Current 2026 lineup: FlashArray//X R5 (performance-tier flagship, GA), FlashArray//C R5 (capacity-optimized, GA), FlashArray//XL 190 (largest scale-up flagship, GA Q4 FY26), FlashArray//ST (Emerald Rapids generation: 18M IOPS, 200 GB/s throughput, 400 TB usable). Purity OS retained the Purity name through the rebrand.
Architectural posture: //X R5 sub-150 microsecond latency, up to 45 GB/s throughput, +30% performance vs R4; //X90 R5 up to 4.4 PBe / 1,207 TB raw; 28 drives in 3RU (+40% capacity). Pure's Evergreen subscription model lets customers upgrade controllers without data migration.
Strengths: Cleanest and simplest architecture in the category — operator productivity is consistently rated highest.

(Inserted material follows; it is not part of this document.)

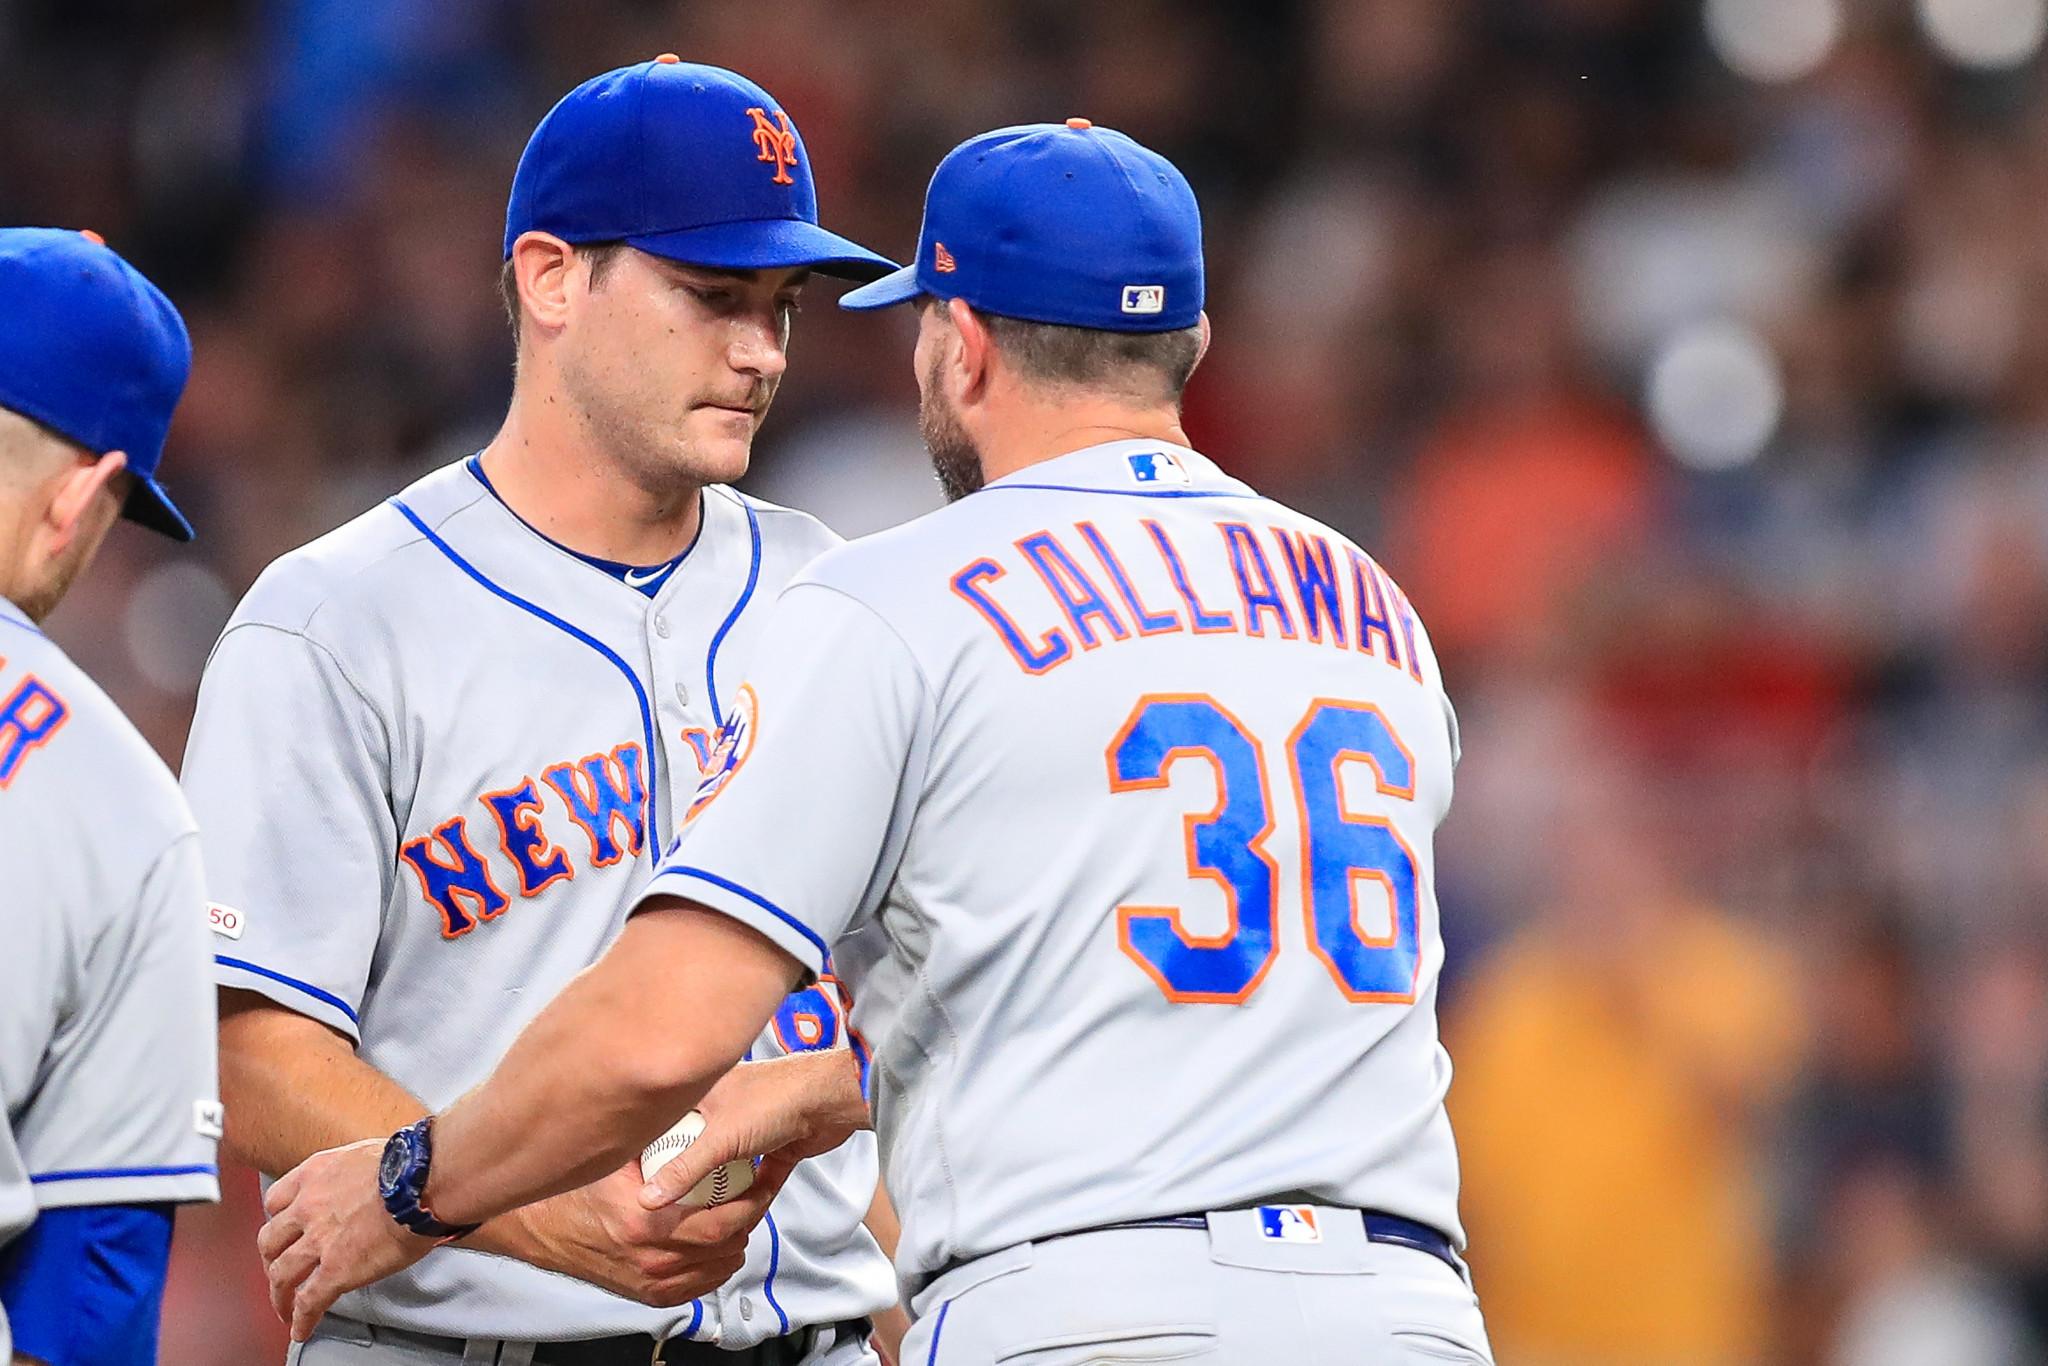 Mickey Callaway had way too much faith in the Mets bullpen

Evergreen subscription is the most-mature consumption model among the trio. Gartner Leadership position carries weight in risk-averse procurement organizations.
Limits: Premium pricing relative to PowerStore on standard configurations. Smaller installed base than Dell. The Everpure rebrand may create temporary naming confusion in 2026 RFP responses; buyers should require vendors to confirm whether they are responding under Pure Storage, Everpure, or both.
Ideal procurement scenario: Performance-critical workloads, simplification-focused IT organizations, environments where the Evergreen subscription economics offset the per-TB premium.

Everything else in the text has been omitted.